Subsequently, as illustrated in FIG. 74F, for example, a CVD method is used to form the polysilicon film 226X around the channel 224 and in the opening 100H. This allows for collective formation of the gate AG and the through-electrode 120E electrically coupling the amplification transistor AMP and the floating diffusion FD to each other. Thereafter, the passivation film 221, the interlayer insulating film 222, and the first wiring layer W1 are sequentially formed in a manner similar to the foregoing second embodiment. As described above, the second substrate 200 of the imaging device 1 illustrated in FIG. 72 is formed.

In addition, the imaging device 1 including the amplification transistor AMP of the GAA structure described in the foregoing second embodiment may be formed, for example, as follows.

First, the sacrificial layer 120A is formed in advance on the pad section 120 in a manner similar to those described above. Thereafter, in a manner similar to the foregoing second embodiment, the semiconductor layer 200S is attached to the first substrate 100, and the insulating region 212 and the element separation region 213 are formed at predetermined positions.

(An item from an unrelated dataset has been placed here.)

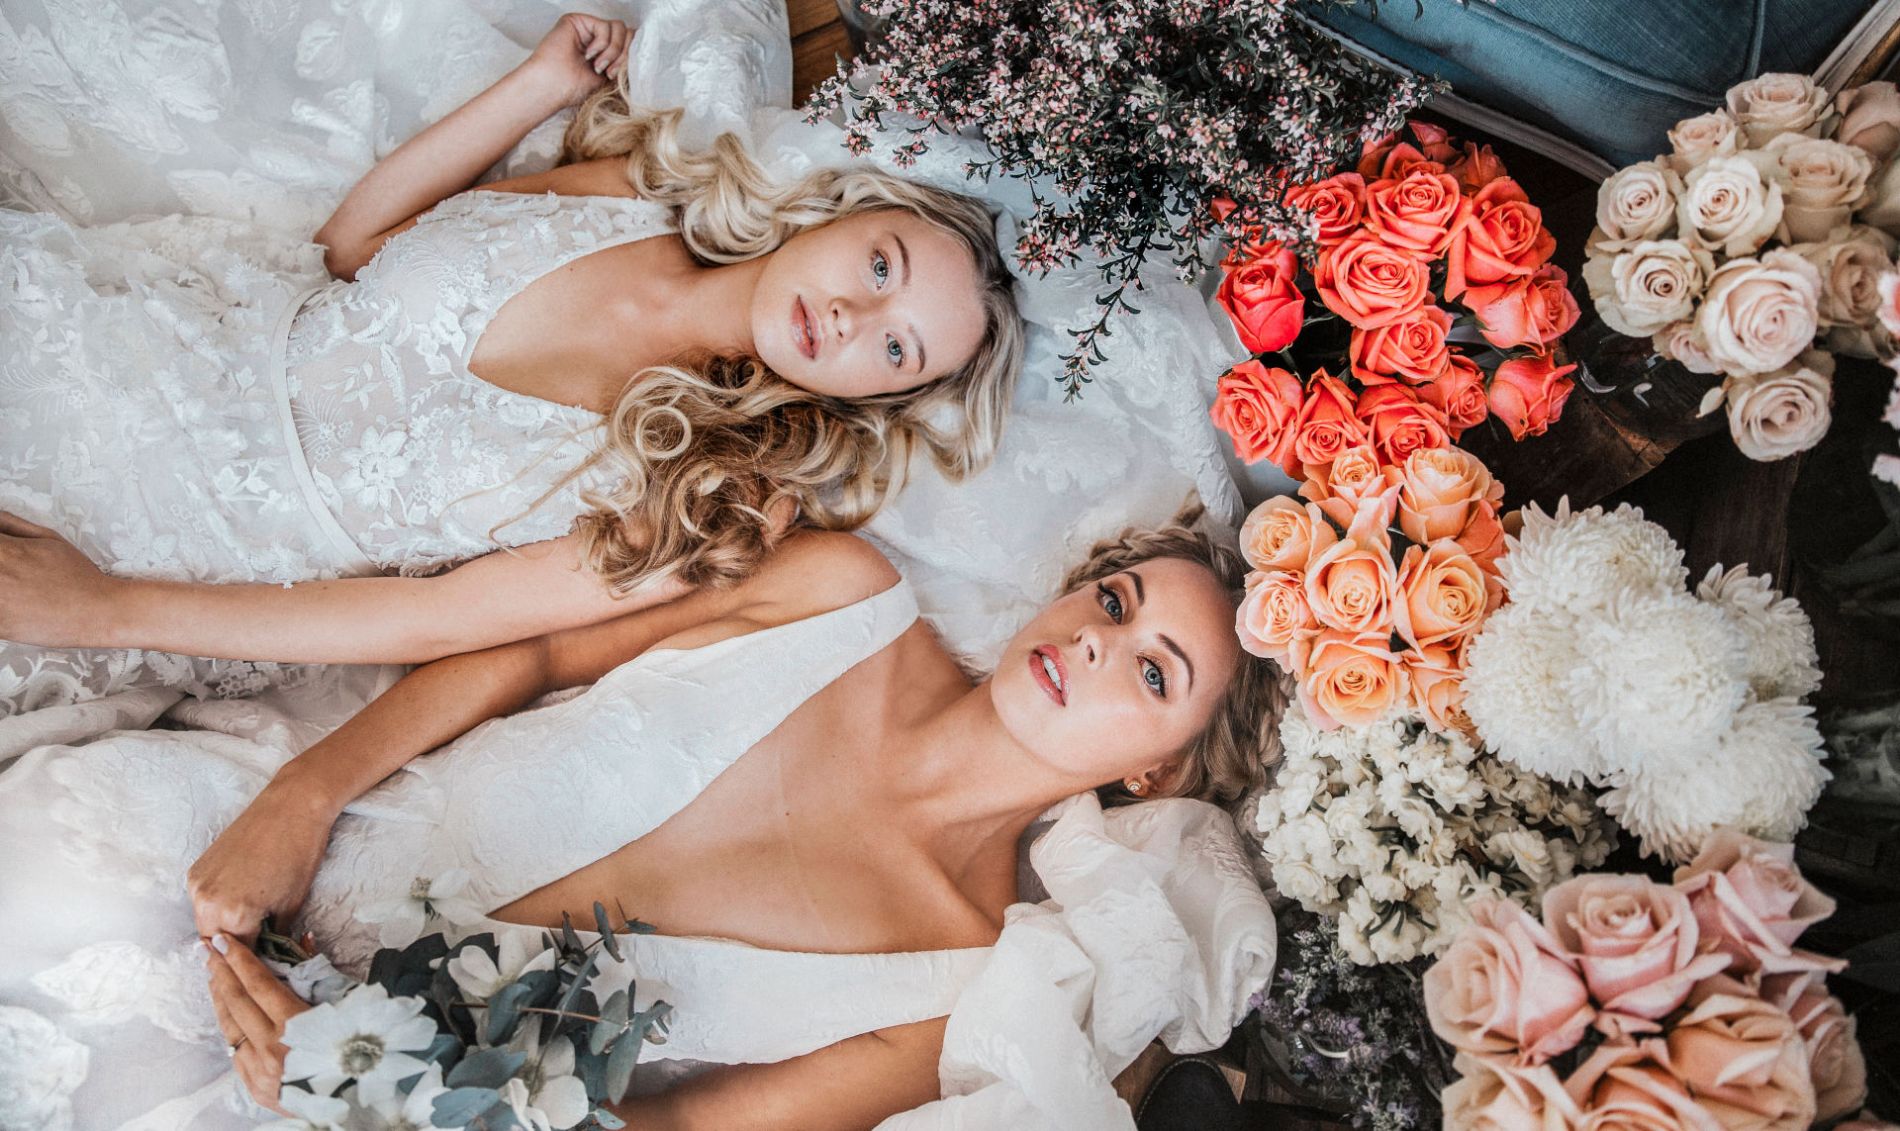 Brides lying amongst roses and flowers
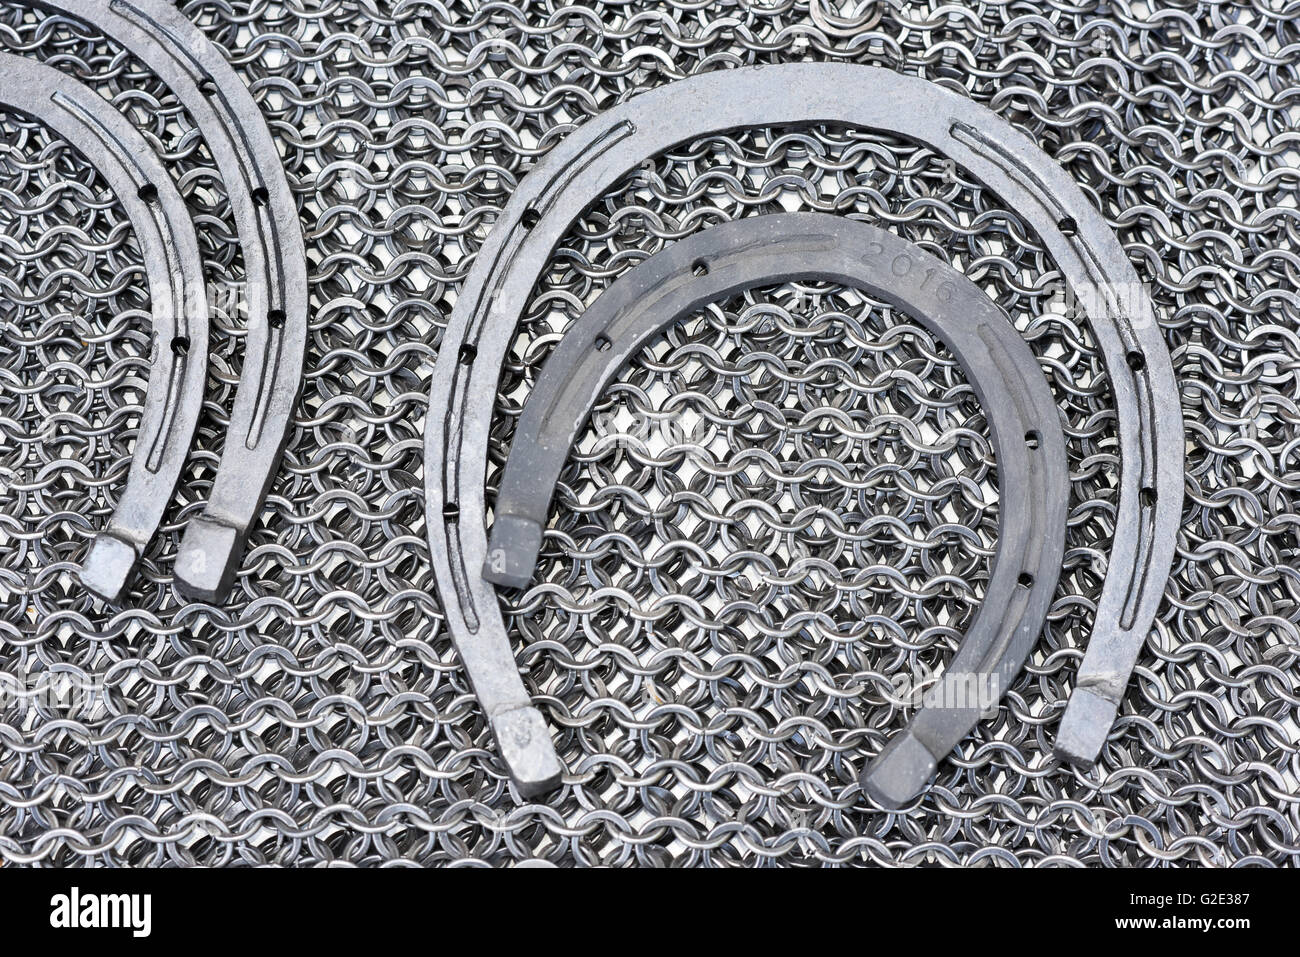 Metal products blacksmith - Military chainmail and horseshoe Stock Photo

Next, as illustrated in FIG. 75A, the polysilicon film 224X is attached onto the semiconductor layer 200S. Subsequently, as illustrated in FIG. 75B, for example, photolithography and RIE are used to work the polysilicon film 224X and form the opening 224H penetrating the polysilicon film 224X.

Next, for example, wet etching is performed using hydrofluoric acid diluted to an ultra-low concentration to remove the insulating region 212 below the polysilicon film 224X between the openings 224H. Subsequently, as illustrated in FIG. 75C, the resist film 234 protecting one opening 224H is formed on the polysilicon film 224X. Thereafter, for example, dry etching using a gas including a halogen element such as F, Cl, or Br is used to etch the insulating region 212 and the wiring layer 100T and form the opening 100H reaching the sacrificial layer 120A. Next, the resist film 234 is removed, and then an annealing treatment is performed to form a thermal oxide film which is to serve as the gate insulating film 225 on the front surface of the polysilicon film 224X, as illustrated in FIG. 75D. At this time, the sacrificial layer 120A exposed to a bottom portion of the opening 100H is also oxidized to form, for example a GeO₂ layer 120X. Thereafter, for example, washing with pure water is performed. This allows the GeO₂ layer 120X to be removed, as illustrated in FIG. 75E.

Subsequently, as illustrated in FIG. 75F, for example, the polysilicon film 226X is formed around the channel 224 and in the opening 100H. This allows for collective formation of the gate AG and the through-electrode 120E electrically coupling the amplification transistor AMP and the floating diffusion FD to each other. Thereafter, the passivation film 221, the interlayer insulating film 222, and the first wiring layer W1 are sequentially formed in a manner similar to the foregoing second embodiment. As described above, the second substrate 200 of the imaging device 1 illustrated in FIG. 72 is formed.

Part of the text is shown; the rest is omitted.